Next we must go to Paris, France, 3 September 1783, and The Definitive Treaty of Peace between His Britannic Majesty, King George the Third of the British Empire and the United States of America. Article 1 of the treaty reads: “His Britannic Majesty acknowledges the said United States… to be free sovereign and independent States, that he treats with them as such, and for himself, his heirs, and successors, relinquishes all claims to the government, propriety, and territorial rights of the same and every part thereof.” As you can see, each individual state was guaranteed to be a free, independent, and sovereign state, and this was agreed upon by the United States.
From Paris, we travel back to Philadelphia, to Independence Hall on 17 September 1787, the day that the delegates to the Constitutional Convention signed the Constitution of the united States of America. The sovereignty of the individual states is also guaranteed in this document. Article 3, Section 3 of the Constitution defines “Treason against the United States” and dictates with whom the “Power to declare the Punishment of Treason [against the United States]” lies. Then, Article 4, Section 2, Clause 2 states that “A Person charged in any State with Treason, Felony, or other Crime, who shall flee from Justice, and be found in another State, shall on Demand of the executive Authority of the State from which he fled, be delivered up, to be removed to the State having Jurisdiction of the Crime.” Among other things, this gives each individual state not only the power to define Treason against that state, but also the power to dictate the punishment for Treason against that state. This, by the definition of Treason, especially when looked at alongside Article 3, Section 3, signifies individual states’ sovereignty. Our Constitution also contains ten amendments known as the Bill of Rights. The Bill of Rights is what guarantees us all the freedom to exercise our God-given rights as human beings. The last of these ten amendments tells us that “The powers not delegated to the United States by the Constitution, nor prohibited by it to the States, are reserved to the States respectively, or to the people.” Here is another admission of states’ sovereignty, as the powers actually delegated to the Federal government are in reality reasonably limited by the Constitution. The designers of the Constitution obviously meant for the individual states to retain their sovereignty over that of the Federal government.

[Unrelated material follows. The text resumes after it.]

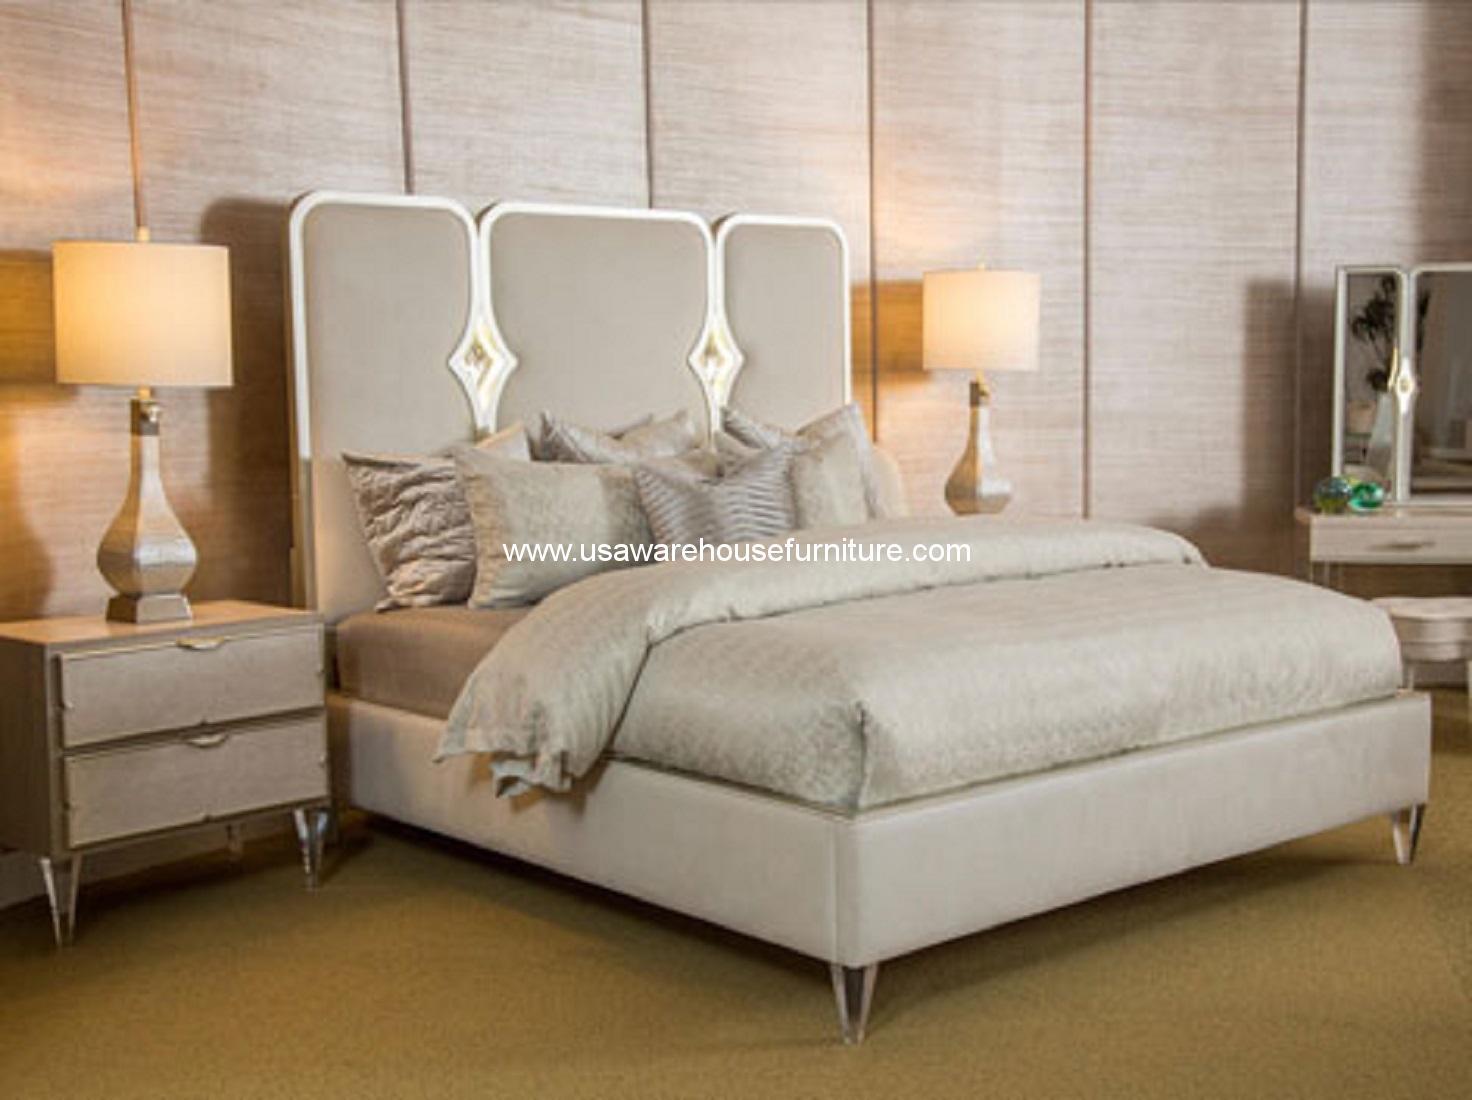 4 Piece Micheal Amini Camden Court Crystal Panel Bedroom Set Usa Warehouse Furniture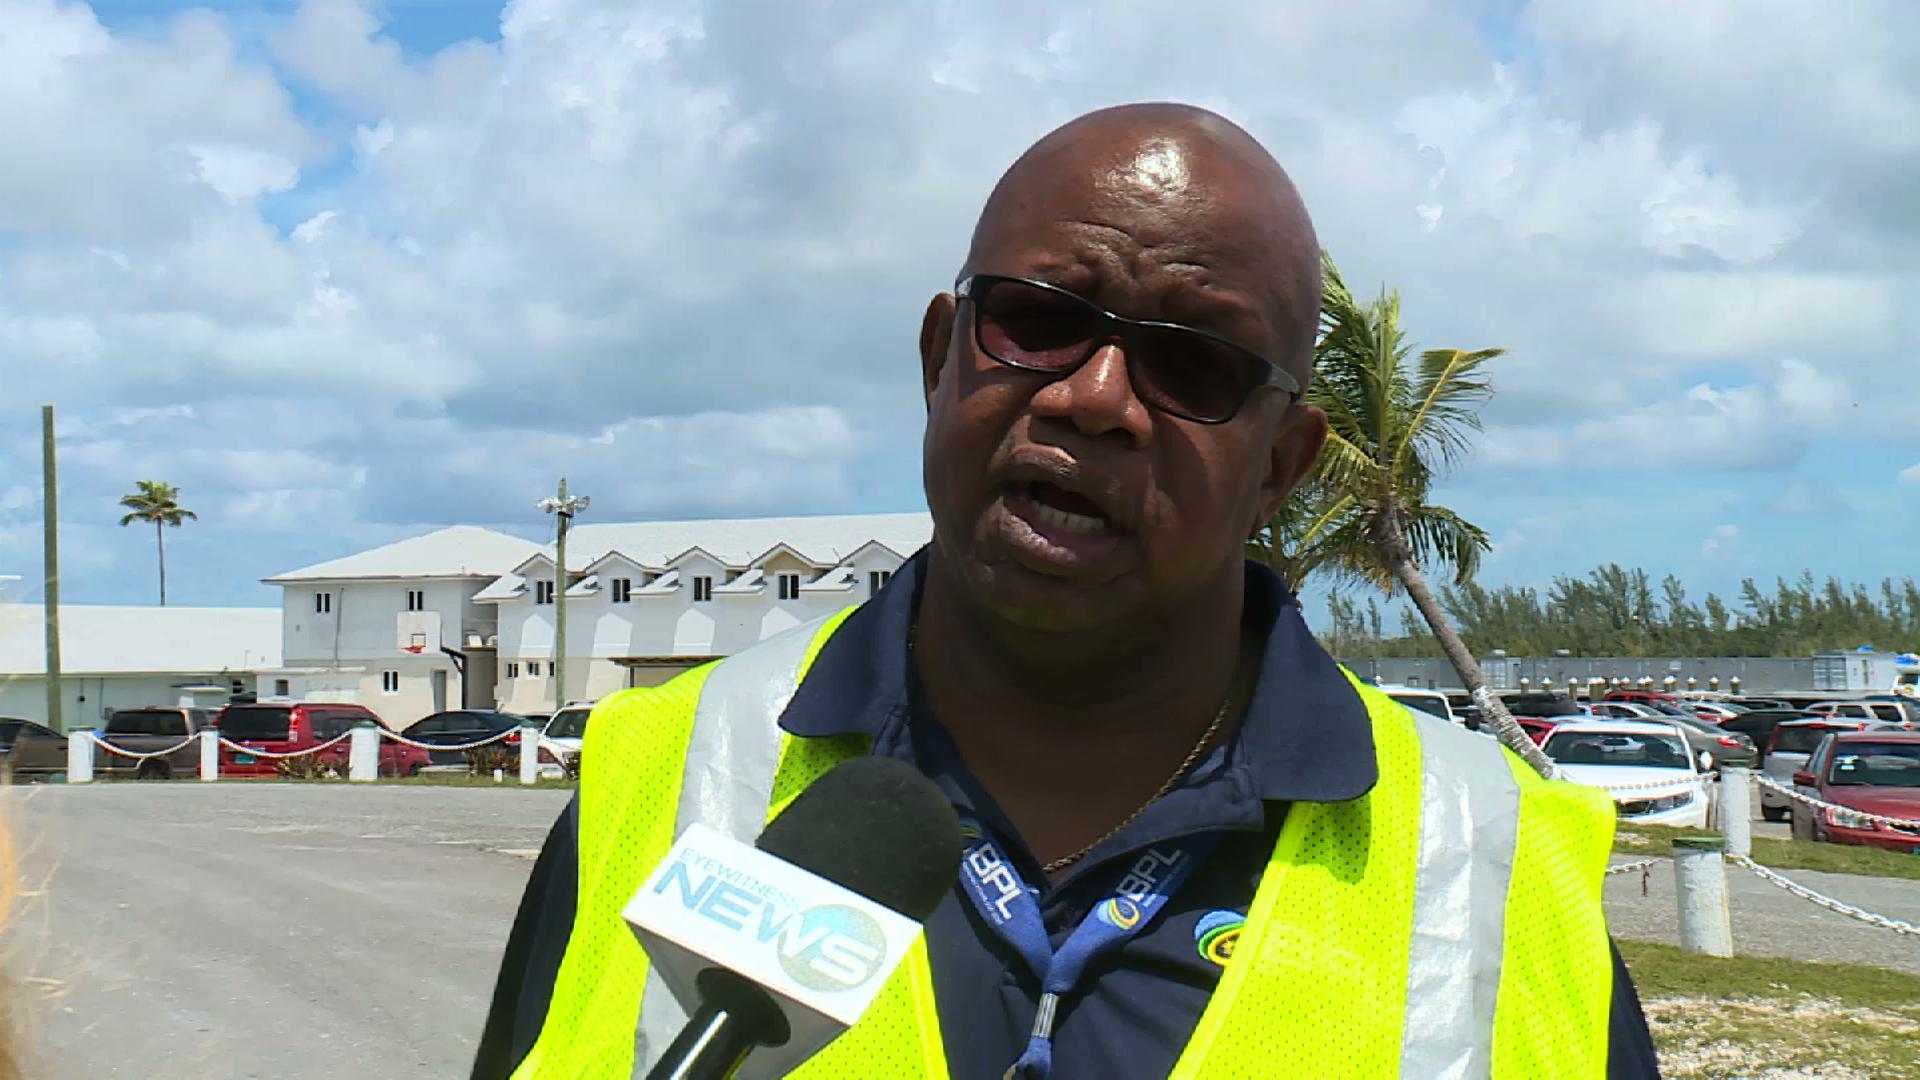 BPL union head predicts load shedding until Christmas

Lincoln himself even admitted that the individual states were indeed sovereign. In his first Inaugural Address on 4 March 1861, he said, “Resolved, that the maintenance inviolate of the rights of the States, and especially the right of each State to order and control its own domestic institutions according to its own judgment exclusively, is essential to that balance of power on which the perfection and endurance of our political fabric depend; and we denounce the lawless invasion by armed force of the soil of any State or Territory, no matter what pretext, as among the gravest of crimes.” Not only did Lincoln admit that the individual states were sovereign, but that what he was about to set in motion was “among the gravest of crimes.” So by his own words, Lincoln was at best a criminal and at worst a war criminal; but that’s a different subject altogether.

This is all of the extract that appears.